While some of the rhetoric is over the top, there is a serious problem. Not only are the legality of many foreclosures in question, but so are the validity of the securities backed by mortgages, which face both security and tax law questions. In addition, local governments are realizing that they may have lost significant fee income because of MERS. For example, one lawsuit claims that California local governments are owed at least $60 billion (not a typo) in recording fees. Apparently, the state has not joined in the lawsuit, and it is not clear it will, but $60 billion might seem to be a tempting amount of money for a state with serious budget problems. Other state and local governments are looking into this.

It will take some time for the legal issues to be settled in the states. While The Washington Post article speaks of legislation that would effectively mean the end of MERS by prohibiting the GSEs from purchasing or securitizing mortgages which are in MERS, one can be sure that there are lobbyists who are fighting to preserve MERS and, if necessary, get legislation passed that blesses what has been done in the past. The constitutionality of any such legislation, if enacted, could well end up being decided by the Supreme Court.

The creation of MERS in the 90s in such a way that these legal challenges are gaining traction is a failure of both the government and the private sector. Government regulators did not analyze MERS as much as they should have when it was created. They had plenty of authority under banking, security, and tax laws to demand changes if they thought it necessary. For its part, the private sector (major banks and Fannie and Freddie) did not listen to warnings about the legal risks. These failures now pose risks to all of us.

Acting Comptroller John Walsh indicated that the OCC and other bank regulators are looking into MERS. While his statement to this effect seems more focused on operational issues, the OCC and other government agencies must be worried about the legal issues. I suspect that they do not know what to do. The risks the government must see if court decisions go against MERS are that financial institutions and financial markets could again be in serious trouble and that Fannie Mae and Freddie Mac could face even more losses, which it seems would need to be covered by the federal government (meaning all of us). On the other hand, the Executive Branch will find it difficult to influence what state and federal courts will do, and the legal questions about MERS are not frivolous.

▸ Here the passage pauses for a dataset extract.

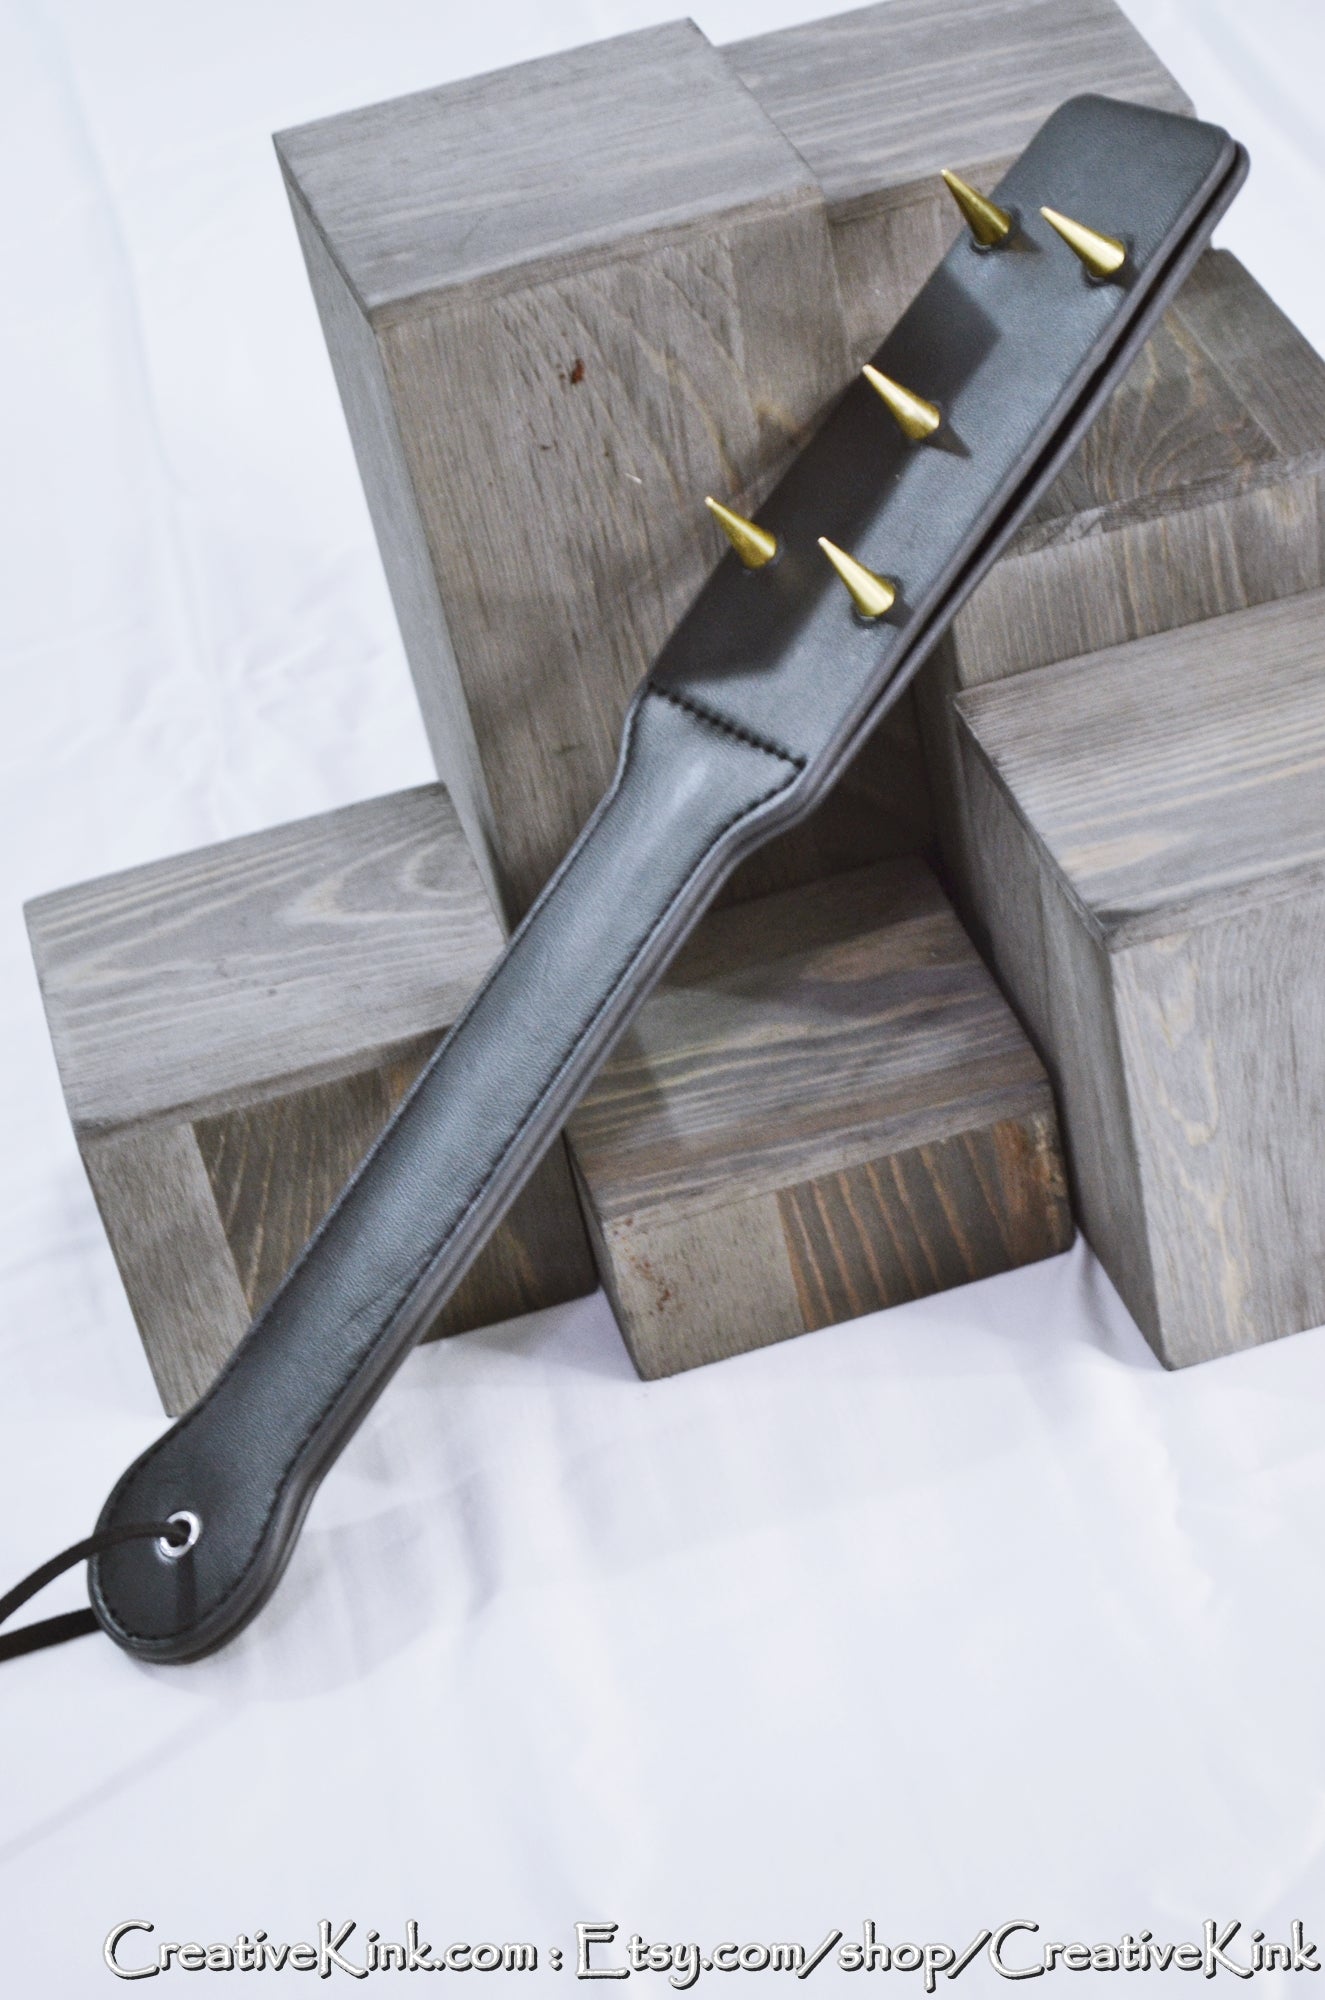 Leather Paddle - Thickened Leather with Steel or Brass Spikes - BDSM Spanking Tool

Some may think MERS will eventually be found to be a proper and legal mechanism for handling mortgages. It has to be, they may believe, because otherwise, the financial system would again be put at risk, and, after all, those foreclosed on are in default on their loans.  Perhaps.  But it may not go that way. One hopes that some creative thinking in the government is being done about what might be done to resolve the MERS issues in a fair, workable, and legal manner.